Uzbek Cotton Farmers Face Prosecution

Uzbek Cotton Farmers Face Prosecution

Friday, 24 October, 2008
IWPR

IWPR

Institute for War & Peace Reporting

Farmers in Uzbekistan are being threatened with legal action for failing to deliver enough cotton to the state.



Since the beginning of October, local officials including justice ministry representatives have sent formal letters to farmers warning they will land in court if they do not meet the delivery targets set for them by October 21.



Farmers who received such letters started to panic.



“I was scared by the threat of criminal action,” said a farmer from the Gijuvan district of the western region of Bukhara. “That wasn’t mentioned in the contract we signed with the cotton ginnery.”



He recalled that in November 2006, the Bukhara cotton ginnery brought legal actions against about 100 farmers, who were fined for failing to implement the cotton plan. Similar action was taken against 279 farmers in the Fergana region of eastern Uzbekistan.



“Let them do what they want,” said a farmer in Bukhara. “I think the warning was designed to scare us. But if the cotton doesn’t grow, how can I fulfill the plan?”



Farmers say this year’s harvest will be smaller than anticipated, and of lower quality too, because irrigation water has been in short supply.



Despite this change in conditions, the state has stuck to the initial quotas it set the farmers. This averages 2.5 or three tons of raw cotton per hectare, but the thin harvest may mean that only 70 or 80 per cent of that target is achieved.



NBCentralAsia experts say this unreasonable approach to agriculture is the result of applying the rigid Soviet model of economic planning to a new system some describe as “state capitalism”.



Even though farmers are now private operators and have rights laid down in law, the sector does not operate according to the laws of the free market. In effect, farmers remain enslaved by the state’s right to determine the scale of production, and have no right to sell their produce independently.



Legal experts say confusion about current legislation and failings in the court system mean that local officials interpret directives as if they carry the force of laws. Hence the latest set of letters warning that failure to “fulfill the plan” will result in prosecution.



Under Uzbek law, farmers are free to choose what they want to grow and what price they want to charge for it. But the law is contradicted by a government directive setting out the terms by which farmers lease their land, which forbids them from reducing their output.

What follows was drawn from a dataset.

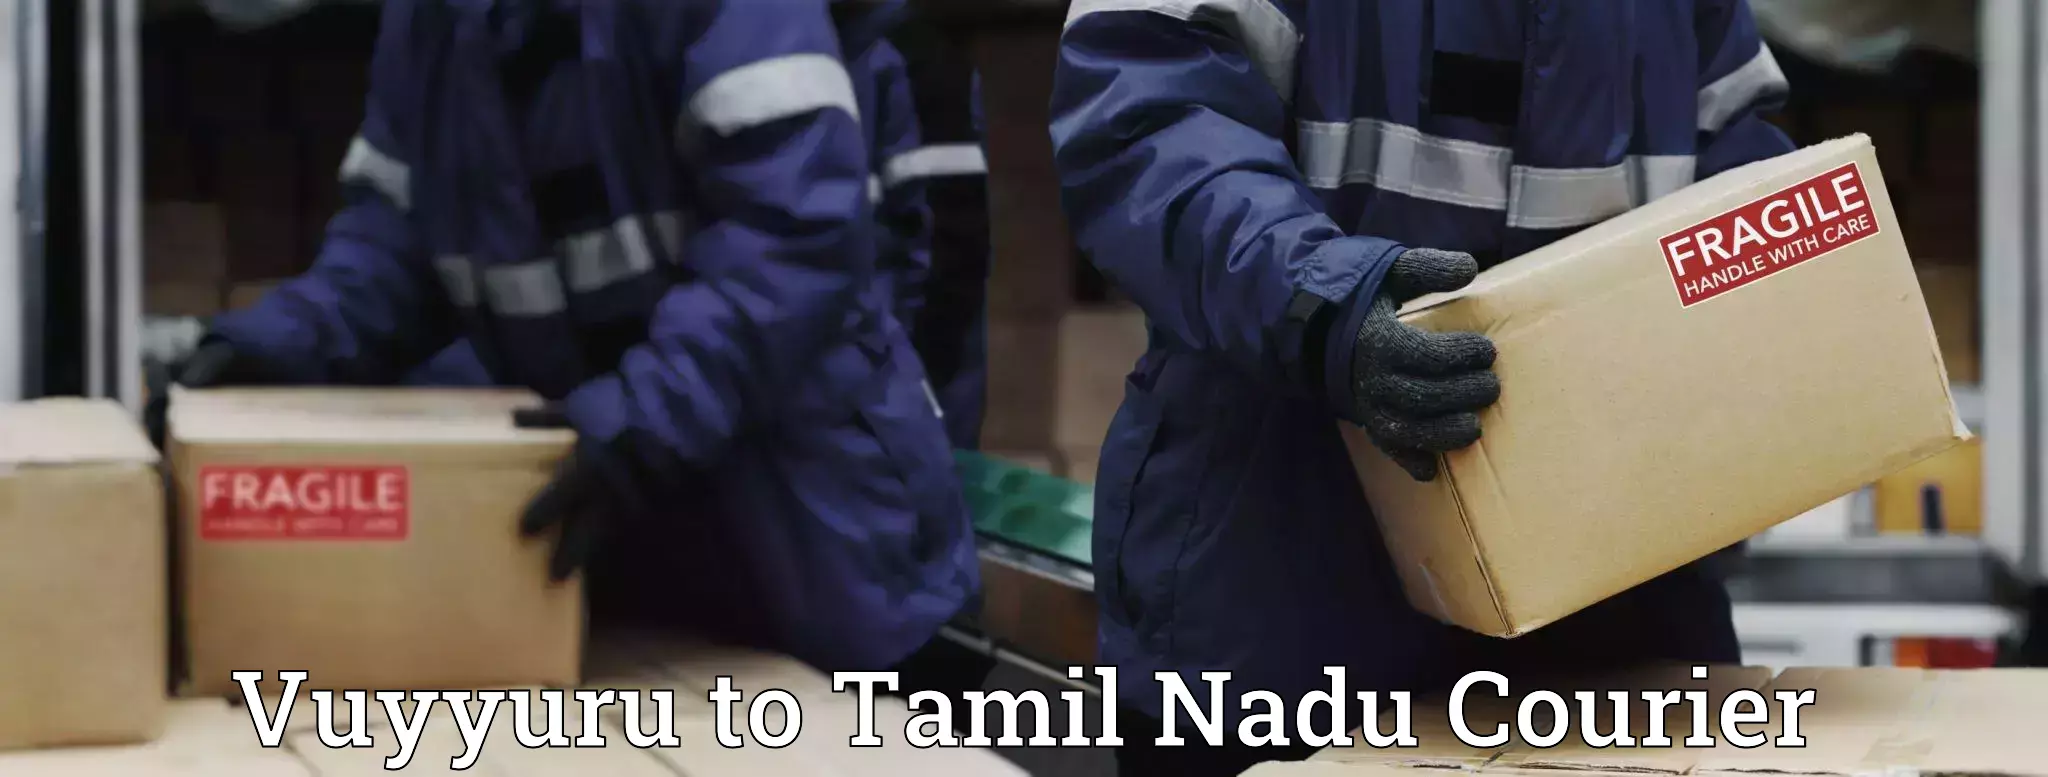 Courier membership Vuyyuru to Tamil Nadu

“In the theory, farms are totally independent private enterprises, but in practice they are accountable to the state for ensuring the ‘state order’ is fulfilled,” said Shuhrat Ghaniev, a human rights activist in Bukhara. “That’s nonsense.”



A justice ministry official told NBCentralAsia that farmers can be deprived of their 50-year leasehold if they do not fulfill the plan.



However, farmers say it is not that easy to give land back to the state.



“If a farmer wants to hand land back, the local authorities take it upon themselves to require him to find someone else to take on the lease. But it’s hard to find anyone to do that, since everybody knows that they’ll have problems getting irrigation water and they’ll find it impossible to fulfill the cotton plan,” said one cotton farmer.



(NBCentralAsia is an IWPR-funded project to create a multilingual news analysis and comment service for Central Asia, drawing on the expertise of a broad range of political observers across the region. The project ran from August 2006 to September 2007, covering all five regional states. With new funding, the service is resuming, covering Uzbekistan and Turkmenistan.)